In our study, women who subsequently developed severe PE had higher concentrations of Hcy than those in the control group. The logistic regression model demonstrated that Hcy was an independent risk factor for the development of severe PE (aOR 1.12, 95% CI, 1.06–1.20). Acilims et al. [18] also showed that maternal and fetal serum Hcy levels were significantly higher in their group with severe PE as compared with their mild PE and control group, suggesting that elevated level of serum Hcy may be associated with the severity of PE.

Another study has reported that elevated Hcy levels in early pregnancy have been associated with the later development of mild PE [19]. However, we failed to note a significant increase in serum Hcy of early pregnancy in women with mild PE. Our data are similar to those of Yelikar et al. [20], who reported a significant difference between severe PE and controls (P<0.001), while there was no difference in Hcy levels between women with mild PE and the control group. The reason for this could be that the low concentration of Hcy affects the endothelium only slightly and plays a subtle role in occurrence of mild PE.

There have been few studies on the correlation between Hcy and GH. In a prospective cohort study, Dodds et al. [21] reported that there was no significant association between Hcy concentration within 20 weeks of gestation and the risk of developing GH. In our study, we failed to find a significant difference between Hcy concentrations in the GH and control groups.
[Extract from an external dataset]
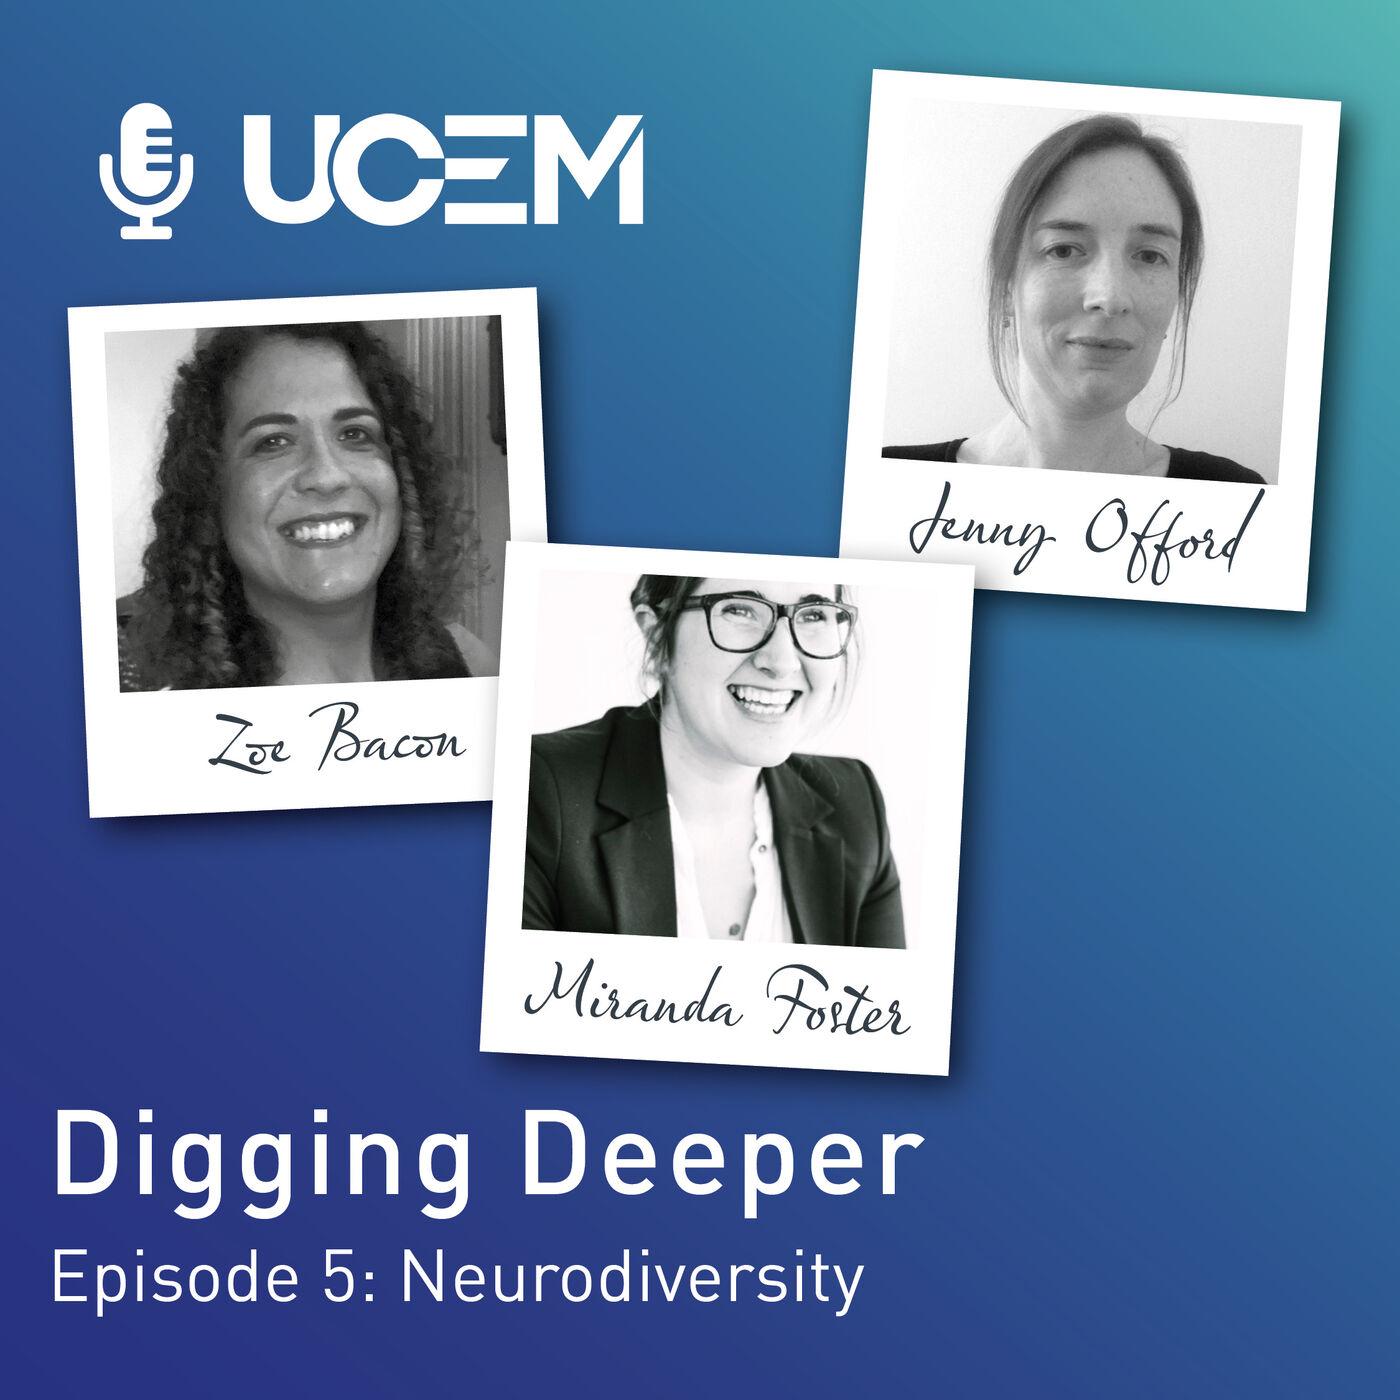 Digging Deeper - Episode 5: Neurodiversity

Folic acid and VitB12 are required for DNA synthesis and cell growth and are involved in Hcy metabolism. Without adequate folic acid and VitB12, Hcy concentrations increase. It has been shown that an increase in dietary folic acid results in a corresponding decrease in serum Hcy. Researchers have also reported that folic acid supplementation decreases the levels of Hcy as well as the risk of developing PE [22]. However, Murphy et al. reported that folic acid supplementation had no effect on decreasing high levels of Hcy [23]. Similar findings were observed by Makedos et al. [24], who reported that there was no difference in folic acid and VitB12 levels between normal and preeclampsia women. In our study, the serum concentrations of folic acid and VitB12 in GH and PE were not significantly different from those in the control group. The possible explanation may be that some of the women studied were already aware, before they became pregnant, of the importance of folic acid and various vitamin supplements.
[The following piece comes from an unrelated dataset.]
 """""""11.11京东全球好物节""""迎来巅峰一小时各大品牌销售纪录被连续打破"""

Our study has several limitations. First, although we assessed some potential confounding factors that had previously been reported to influence GH and PE, there were several other potential confounders, such as smoking status and family history of hypertension, that were not included in our database. Additionally, we obtained only a single serum Hcy sample in the first trimester for each patient; this may be regarded as another limitation of the study. Finally, we were unable to determine whether our subjects had taken a folic acid supplement before or during pregnancy; this deserves further research.

Our study revealed that Hcy in the first trimester significantly increased in those who developed severe PE. The possible mechanism maybe that homocysteine in the first trimester may cause endothelial dysfunction and, with the progression of pregnancy, this homocysteine-related endothelial injury may aggravate the placental ischemia, thus leading to the development of severe preeclampsia. However, we did not find a relationship between Hcy and GH. The possible mechanism should be confirmed in future extensive studies.

Conclusions

Our study reveals that elevated plasma Hcy concentration in the first trimester of pregnancy is an independent risk factor for severe PE; however, it is not a useful marker for the subsequent development of GH or mild PE. Further studies are needed to address the role of Hcy in the pathogenesis of gestational hypertension and preeclampsia, especially in severe preeclampsia.